Cluster size should report that 3 nodes are active

+--------------------------+--------------------------------------+
| Variable_name            | Value                                |
+--------------------------+--------------------------------------+
| wsrep_cluster_conf_id    | 8                                    |
| wsrep_cluster_size       | 3                                    |
| wsrep_cluster_state_uuid | 823e389b-eb11-11eb-9b32-d3c924e58f21 |
| wsrep_cluster_status     | Primary                              |
| wsrep_connected          | ON                                   |
| wsrep_gcomm_uuid         | 95e32cea-eb11-11eb-abd2-2bef173638db |
| wsrep_last_committed     | 0                                    |
| wsrep_local_state_uuid   | 823e389b-eb11-11eb-9b32-d3c924e58f21 |
| wsrep_ready              | ON                                   |
+--------------------------+--------------------------------------+
+-----------------------+---------------------------------------------------------------+
| Variable_name         | Value                                                         |
+-----------------------+---------------------------------------------------------------+
| wsrep_cluster_address | gcomm://node1.example.com,node2.example.com,node3.example.com |
| wsrep_cluster_name    | ciphermail                                                    |
| wsrep_node_address    | node1.example.com                                             |
| wsrep_node_name       | node1.example.com                                             |
+-----------------------+---------------------------------------------------------------+

Troubleshooting

If the playbook runs into an issue with one of the nodes, the play recap will report a failure. If the playbook fails, it is advised to reset the cluster configuration and go over all the required steps and then re-run the playbook.

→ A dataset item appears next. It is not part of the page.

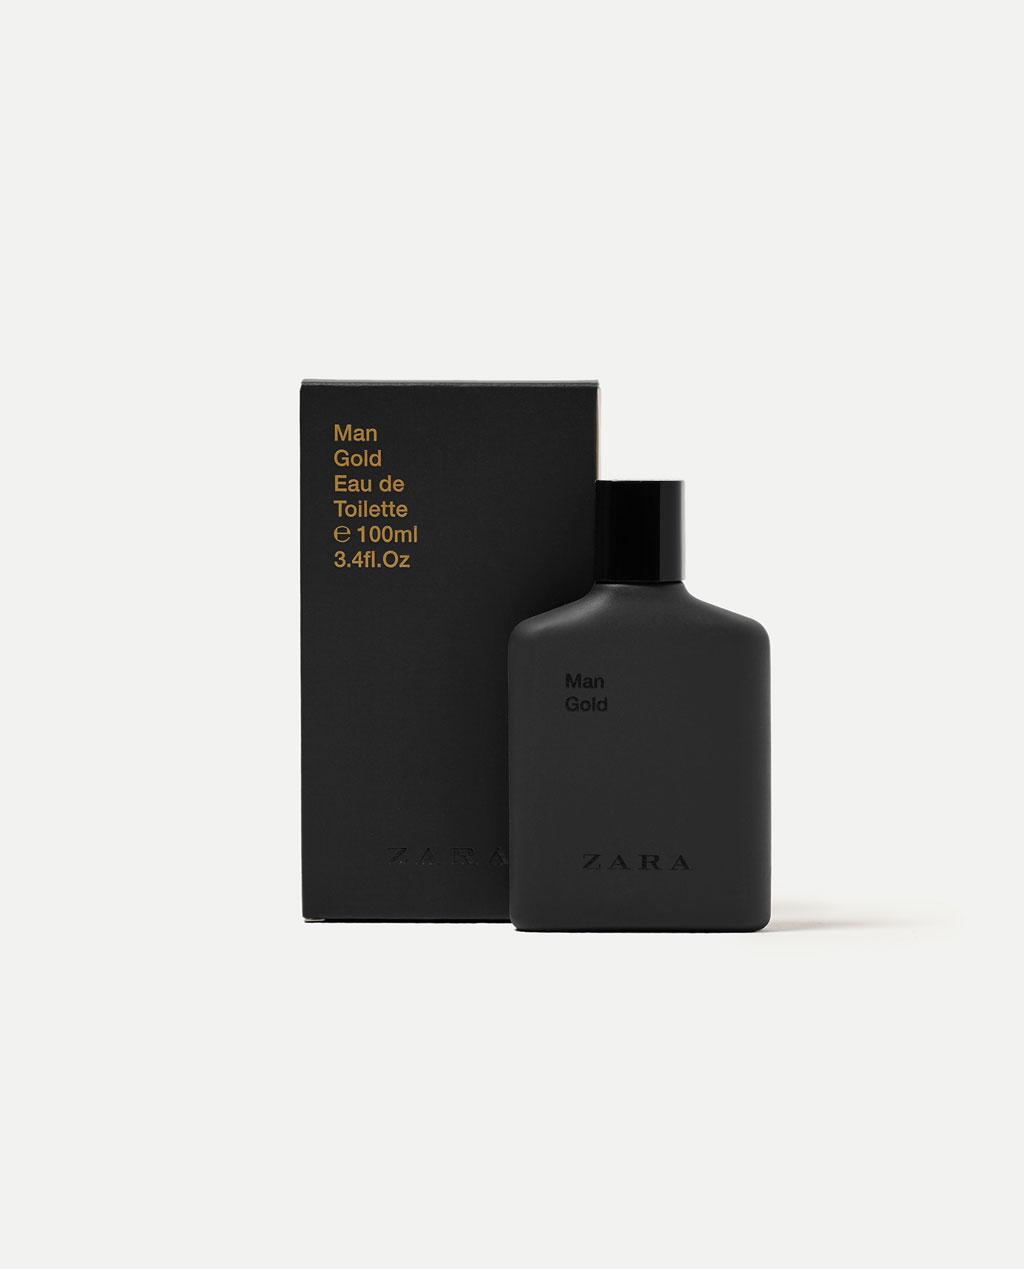 Man Gold Zara cologne - a new fragrance for men 2017 cfe6471c4d

To reset the complete cluster config, run the following commands:

export ANSIBLE_CONFIG="/usr/share/ciphermail-ansible/ansible.cfg"
sudo -E ansible -m command -a 'rm /etc/my.cnf.d/ciphermail-cluster.cnf /var/lib/mysql/grastate.dat /etc/pki/tls/private/ciphermail.key /etc/pki/tls/private/ciphermail.pem /etc/pki/tls/certs/ciphermail.crt /etc/pki/tls/certs/ciphermail-ca.crt' ciphermail_all

Warning

Only run the above command when setting up the cluster. Do not run this on a already configured and functional cluster.

Then redo all the steps to setup the cluster and re-run the playbook.